▸ **Data**
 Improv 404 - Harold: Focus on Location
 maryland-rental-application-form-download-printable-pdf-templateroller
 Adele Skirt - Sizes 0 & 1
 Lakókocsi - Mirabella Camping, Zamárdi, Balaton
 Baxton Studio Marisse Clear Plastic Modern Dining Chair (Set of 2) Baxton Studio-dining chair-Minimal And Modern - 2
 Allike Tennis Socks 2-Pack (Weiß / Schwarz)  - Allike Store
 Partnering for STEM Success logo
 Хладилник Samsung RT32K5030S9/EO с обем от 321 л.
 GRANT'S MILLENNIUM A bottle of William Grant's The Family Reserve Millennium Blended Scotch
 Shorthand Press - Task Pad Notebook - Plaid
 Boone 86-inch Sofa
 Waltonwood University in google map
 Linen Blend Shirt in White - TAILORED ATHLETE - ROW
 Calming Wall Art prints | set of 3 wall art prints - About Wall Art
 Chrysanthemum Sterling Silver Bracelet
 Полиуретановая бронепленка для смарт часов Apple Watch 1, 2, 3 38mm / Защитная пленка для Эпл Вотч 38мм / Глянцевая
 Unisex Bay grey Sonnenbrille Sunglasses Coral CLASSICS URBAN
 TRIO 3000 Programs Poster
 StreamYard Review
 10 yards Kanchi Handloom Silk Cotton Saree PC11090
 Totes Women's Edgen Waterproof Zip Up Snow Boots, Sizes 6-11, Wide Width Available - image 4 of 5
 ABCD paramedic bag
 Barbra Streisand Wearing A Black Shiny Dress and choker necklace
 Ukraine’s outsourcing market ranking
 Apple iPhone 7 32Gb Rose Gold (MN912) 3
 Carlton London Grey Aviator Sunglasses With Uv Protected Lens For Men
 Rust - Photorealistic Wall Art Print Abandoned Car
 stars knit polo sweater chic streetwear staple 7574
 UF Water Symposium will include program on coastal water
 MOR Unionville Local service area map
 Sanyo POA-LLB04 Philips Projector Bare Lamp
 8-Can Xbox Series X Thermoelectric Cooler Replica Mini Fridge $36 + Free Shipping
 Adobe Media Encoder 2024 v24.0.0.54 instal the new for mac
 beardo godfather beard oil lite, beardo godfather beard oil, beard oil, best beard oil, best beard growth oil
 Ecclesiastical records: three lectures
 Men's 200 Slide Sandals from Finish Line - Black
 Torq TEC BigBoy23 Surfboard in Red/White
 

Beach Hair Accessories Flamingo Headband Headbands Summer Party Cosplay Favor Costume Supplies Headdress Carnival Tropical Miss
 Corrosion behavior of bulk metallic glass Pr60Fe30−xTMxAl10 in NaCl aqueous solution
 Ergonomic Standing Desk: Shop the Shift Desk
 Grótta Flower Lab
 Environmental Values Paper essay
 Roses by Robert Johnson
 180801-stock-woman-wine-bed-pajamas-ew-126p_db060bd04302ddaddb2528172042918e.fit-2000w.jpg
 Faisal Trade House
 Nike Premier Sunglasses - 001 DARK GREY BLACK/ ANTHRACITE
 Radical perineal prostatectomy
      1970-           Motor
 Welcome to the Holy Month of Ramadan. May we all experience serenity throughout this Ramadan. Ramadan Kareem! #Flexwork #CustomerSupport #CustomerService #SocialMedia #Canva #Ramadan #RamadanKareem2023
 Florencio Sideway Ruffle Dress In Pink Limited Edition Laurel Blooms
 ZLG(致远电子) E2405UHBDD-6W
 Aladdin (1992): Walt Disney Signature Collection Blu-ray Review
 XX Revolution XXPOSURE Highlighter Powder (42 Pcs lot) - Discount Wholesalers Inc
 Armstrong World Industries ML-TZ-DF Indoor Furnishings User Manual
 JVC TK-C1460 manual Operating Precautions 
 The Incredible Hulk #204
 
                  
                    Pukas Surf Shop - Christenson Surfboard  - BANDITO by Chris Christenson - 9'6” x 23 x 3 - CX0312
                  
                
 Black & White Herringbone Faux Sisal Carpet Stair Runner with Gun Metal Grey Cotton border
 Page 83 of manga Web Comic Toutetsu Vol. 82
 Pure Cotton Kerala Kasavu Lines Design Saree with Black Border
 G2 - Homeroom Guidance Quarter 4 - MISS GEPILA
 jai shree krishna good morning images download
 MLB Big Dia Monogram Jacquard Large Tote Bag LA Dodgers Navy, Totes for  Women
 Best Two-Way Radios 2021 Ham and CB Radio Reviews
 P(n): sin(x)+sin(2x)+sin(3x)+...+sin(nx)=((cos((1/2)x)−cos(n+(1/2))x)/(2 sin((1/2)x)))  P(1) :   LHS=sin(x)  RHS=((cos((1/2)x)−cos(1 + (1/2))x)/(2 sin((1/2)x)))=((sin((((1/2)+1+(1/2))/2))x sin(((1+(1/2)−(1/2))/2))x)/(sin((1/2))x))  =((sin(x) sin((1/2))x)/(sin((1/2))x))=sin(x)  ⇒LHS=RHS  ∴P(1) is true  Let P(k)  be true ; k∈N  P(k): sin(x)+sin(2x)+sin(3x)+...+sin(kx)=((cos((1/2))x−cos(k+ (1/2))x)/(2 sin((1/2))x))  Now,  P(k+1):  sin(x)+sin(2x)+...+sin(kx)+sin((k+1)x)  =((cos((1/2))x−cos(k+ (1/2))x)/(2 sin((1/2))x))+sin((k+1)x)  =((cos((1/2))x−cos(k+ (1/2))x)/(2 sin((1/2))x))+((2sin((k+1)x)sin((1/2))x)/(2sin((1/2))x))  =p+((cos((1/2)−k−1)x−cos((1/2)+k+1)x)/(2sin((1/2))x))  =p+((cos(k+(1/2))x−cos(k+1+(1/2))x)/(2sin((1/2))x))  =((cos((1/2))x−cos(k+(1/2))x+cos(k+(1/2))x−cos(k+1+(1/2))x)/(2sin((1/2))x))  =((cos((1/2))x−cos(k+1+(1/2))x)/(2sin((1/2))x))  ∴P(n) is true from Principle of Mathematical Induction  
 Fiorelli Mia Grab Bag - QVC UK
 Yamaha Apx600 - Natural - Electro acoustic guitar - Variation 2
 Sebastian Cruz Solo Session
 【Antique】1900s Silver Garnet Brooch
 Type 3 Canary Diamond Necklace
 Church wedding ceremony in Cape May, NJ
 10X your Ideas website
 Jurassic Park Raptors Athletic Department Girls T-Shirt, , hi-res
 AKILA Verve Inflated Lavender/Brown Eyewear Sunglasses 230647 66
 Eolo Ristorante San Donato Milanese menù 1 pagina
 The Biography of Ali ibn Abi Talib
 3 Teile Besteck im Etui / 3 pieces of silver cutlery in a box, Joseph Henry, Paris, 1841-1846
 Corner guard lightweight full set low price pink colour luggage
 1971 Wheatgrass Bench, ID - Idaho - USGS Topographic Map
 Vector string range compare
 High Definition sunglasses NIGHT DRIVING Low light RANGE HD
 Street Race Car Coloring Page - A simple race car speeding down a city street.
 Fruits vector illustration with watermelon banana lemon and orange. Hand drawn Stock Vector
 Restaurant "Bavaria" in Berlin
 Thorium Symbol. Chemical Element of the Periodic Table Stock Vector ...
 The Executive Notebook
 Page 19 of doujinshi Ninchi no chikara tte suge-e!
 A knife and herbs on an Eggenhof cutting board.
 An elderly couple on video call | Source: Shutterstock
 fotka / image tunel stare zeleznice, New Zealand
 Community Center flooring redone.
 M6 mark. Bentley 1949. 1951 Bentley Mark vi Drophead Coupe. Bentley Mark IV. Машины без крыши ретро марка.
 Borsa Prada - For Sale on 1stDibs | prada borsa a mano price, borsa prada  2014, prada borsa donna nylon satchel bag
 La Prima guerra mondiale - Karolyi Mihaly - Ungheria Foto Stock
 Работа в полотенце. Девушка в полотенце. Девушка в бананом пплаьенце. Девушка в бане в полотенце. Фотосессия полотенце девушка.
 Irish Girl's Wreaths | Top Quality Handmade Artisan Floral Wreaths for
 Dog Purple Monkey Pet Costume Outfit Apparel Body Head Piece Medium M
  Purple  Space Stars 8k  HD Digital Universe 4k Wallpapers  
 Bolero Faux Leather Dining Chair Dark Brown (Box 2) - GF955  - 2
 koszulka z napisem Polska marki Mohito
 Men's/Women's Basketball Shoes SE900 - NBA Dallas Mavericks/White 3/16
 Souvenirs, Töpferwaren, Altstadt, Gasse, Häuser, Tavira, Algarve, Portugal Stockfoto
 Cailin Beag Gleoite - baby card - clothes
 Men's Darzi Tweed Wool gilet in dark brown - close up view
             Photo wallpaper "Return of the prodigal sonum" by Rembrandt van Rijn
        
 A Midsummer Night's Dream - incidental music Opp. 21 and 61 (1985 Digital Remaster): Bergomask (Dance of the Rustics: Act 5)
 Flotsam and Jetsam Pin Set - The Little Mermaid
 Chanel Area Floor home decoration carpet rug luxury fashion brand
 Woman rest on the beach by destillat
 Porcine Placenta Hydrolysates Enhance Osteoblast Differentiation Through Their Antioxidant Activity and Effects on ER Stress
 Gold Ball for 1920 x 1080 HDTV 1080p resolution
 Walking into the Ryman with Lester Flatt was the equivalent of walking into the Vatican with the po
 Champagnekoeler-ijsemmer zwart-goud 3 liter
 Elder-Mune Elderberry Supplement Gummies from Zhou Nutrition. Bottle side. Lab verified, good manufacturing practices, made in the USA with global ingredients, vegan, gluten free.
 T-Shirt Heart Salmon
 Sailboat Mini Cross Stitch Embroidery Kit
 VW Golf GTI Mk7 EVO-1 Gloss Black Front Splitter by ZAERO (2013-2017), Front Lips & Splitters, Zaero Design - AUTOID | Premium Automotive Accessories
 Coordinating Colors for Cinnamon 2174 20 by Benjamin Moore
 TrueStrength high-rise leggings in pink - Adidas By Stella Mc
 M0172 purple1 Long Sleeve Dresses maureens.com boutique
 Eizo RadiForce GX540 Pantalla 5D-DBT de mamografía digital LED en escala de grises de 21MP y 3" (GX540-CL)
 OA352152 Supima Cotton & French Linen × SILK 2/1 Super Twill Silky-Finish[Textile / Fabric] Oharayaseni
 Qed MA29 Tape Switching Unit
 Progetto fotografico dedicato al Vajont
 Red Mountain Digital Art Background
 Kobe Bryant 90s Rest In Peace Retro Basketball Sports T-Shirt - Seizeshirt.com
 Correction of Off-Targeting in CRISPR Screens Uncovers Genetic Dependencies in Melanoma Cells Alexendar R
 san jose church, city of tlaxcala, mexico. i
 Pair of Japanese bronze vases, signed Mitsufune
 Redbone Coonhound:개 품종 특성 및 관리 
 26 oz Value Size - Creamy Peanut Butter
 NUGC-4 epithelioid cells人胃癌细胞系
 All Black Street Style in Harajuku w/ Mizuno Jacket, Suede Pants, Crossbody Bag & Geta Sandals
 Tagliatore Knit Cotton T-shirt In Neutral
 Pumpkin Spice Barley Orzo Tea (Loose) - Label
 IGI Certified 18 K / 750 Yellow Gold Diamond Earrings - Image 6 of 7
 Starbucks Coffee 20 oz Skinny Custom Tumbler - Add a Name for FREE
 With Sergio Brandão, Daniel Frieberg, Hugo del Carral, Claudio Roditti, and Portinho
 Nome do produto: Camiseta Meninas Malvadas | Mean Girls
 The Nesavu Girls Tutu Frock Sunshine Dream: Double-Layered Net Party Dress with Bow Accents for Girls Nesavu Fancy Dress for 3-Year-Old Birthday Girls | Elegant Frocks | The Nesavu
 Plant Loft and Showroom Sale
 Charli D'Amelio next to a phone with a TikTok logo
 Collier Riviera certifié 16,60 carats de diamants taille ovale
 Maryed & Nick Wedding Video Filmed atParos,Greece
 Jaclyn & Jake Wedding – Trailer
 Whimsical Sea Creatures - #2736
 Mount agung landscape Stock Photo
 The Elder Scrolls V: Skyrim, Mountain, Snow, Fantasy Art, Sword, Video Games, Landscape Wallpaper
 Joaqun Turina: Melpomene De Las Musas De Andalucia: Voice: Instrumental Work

▸ **Exercise**
Based on the entries above, give the number of lines with the string "Vector" and no further text.

▸ **Answer below**
3